Gegevens- en logboekopslag
De volgende factoren zijn van invloed op de hoeveelheid opslag die wordt gebruikt voor gegevens- en logboekbestanden en zijn van toepassing op de lagen Algemeen gebruik en Bedrijfskritiek.
- Elke rekenkracht ondersteunt een configureerbare maximale gegevensgrootte, met een standaardwaarde van 32 GB.
- Wanneer u de maximale gegevensgrootte configureert, wordt automatisch een extra 30 procent van de factureerbare opslag toegevoegd voor het logboekbestand.
- In de servicelaag Algemeen gebruik maakt
tempdb
gebruik van lokale SSD-opslag.
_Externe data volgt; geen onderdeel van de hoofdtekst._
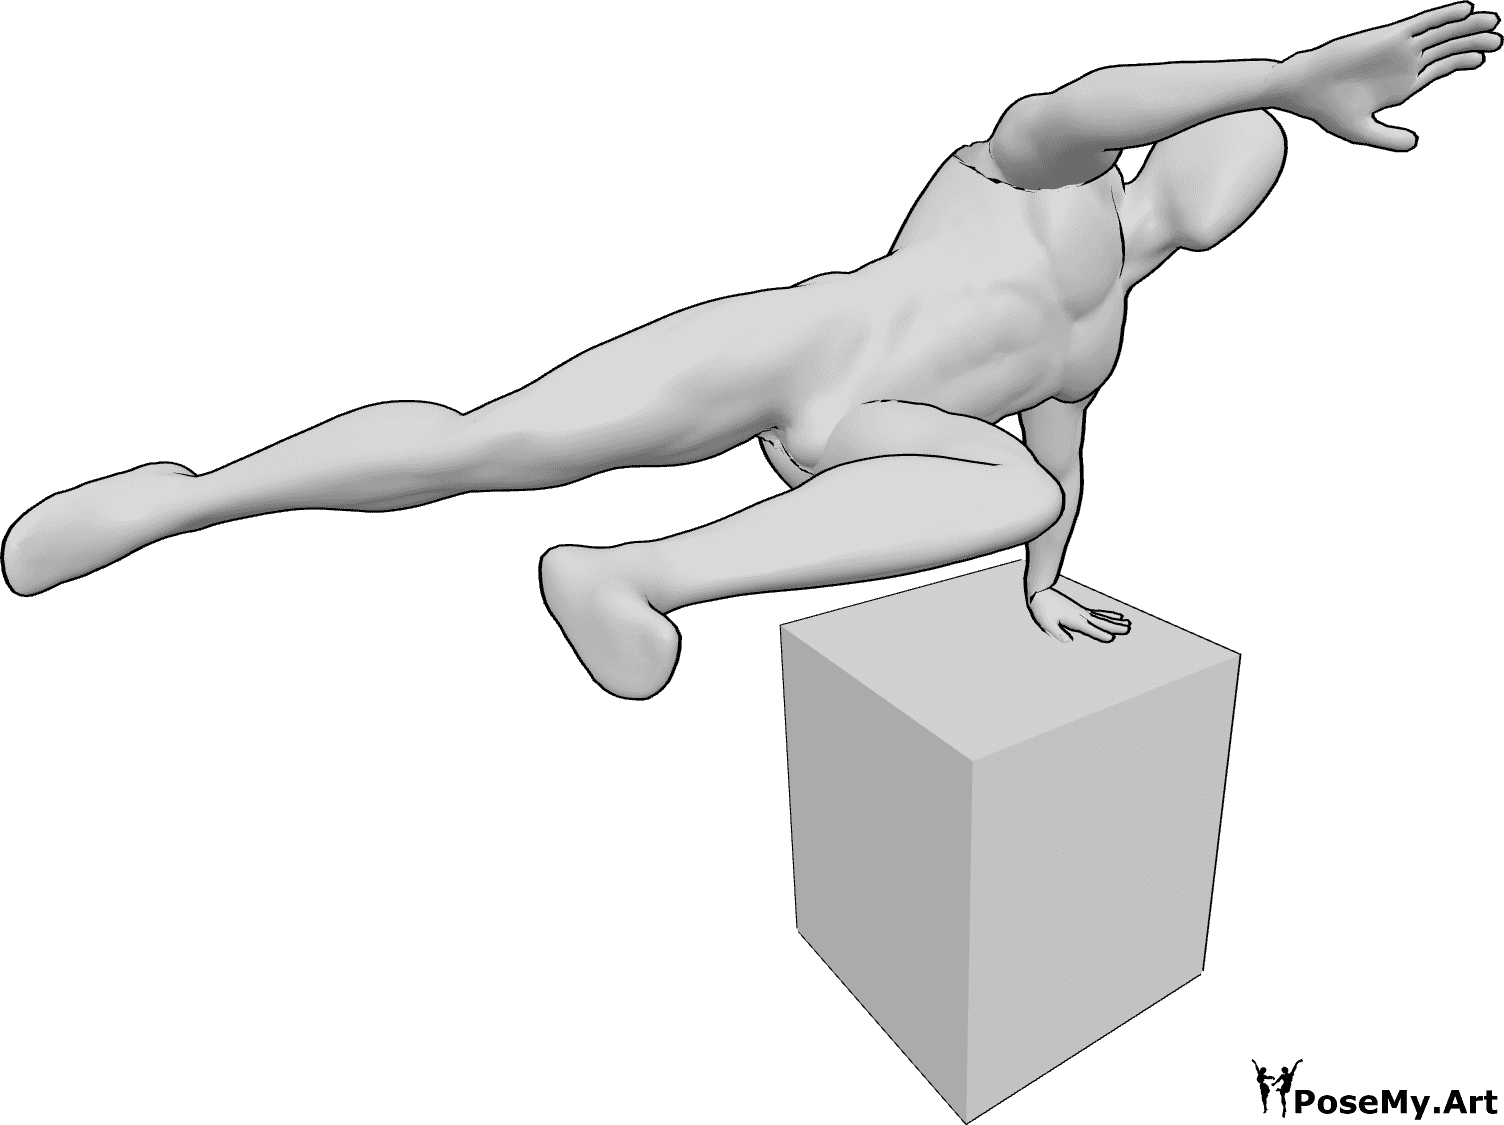 Pose Reference- Jumping around an obstacle - A realistic model jumping around an obstacle

Deze opslagkosten zijn inbegrepen in de vCore-prijs. - In de servicelaag Bedrijfskritiek deelt
tempdb
lokale SSD-opslag met gegevens en logboekbestanden entempdb
opslagkosten zijn opgenomen in de prijs van vCore. - In de lagen Algemeen gebruik en Bedrijfskritiek worden kosten in rekening gebracht voor de maximale opslaggrootte die is geconfigureerd voor een database of elastische pool.
- Voor SQL Database kunt u elke maximale gegevensgrootte tussen 1 GB en de ondersteunde opslaggrootte selecteren in stappen van 1 GB.
De volgende opslagoverwegingen zijn van toepassing op Hyperscale:
- De maximale grootte voor gegevensopslag is ingesteld op 128 TB en kan niet worden geconfigureerd.
- Er worden alleen kosten in rekening gebracht voor de toegewezen gegevensopslag, niet voor maximale gegevensopslag.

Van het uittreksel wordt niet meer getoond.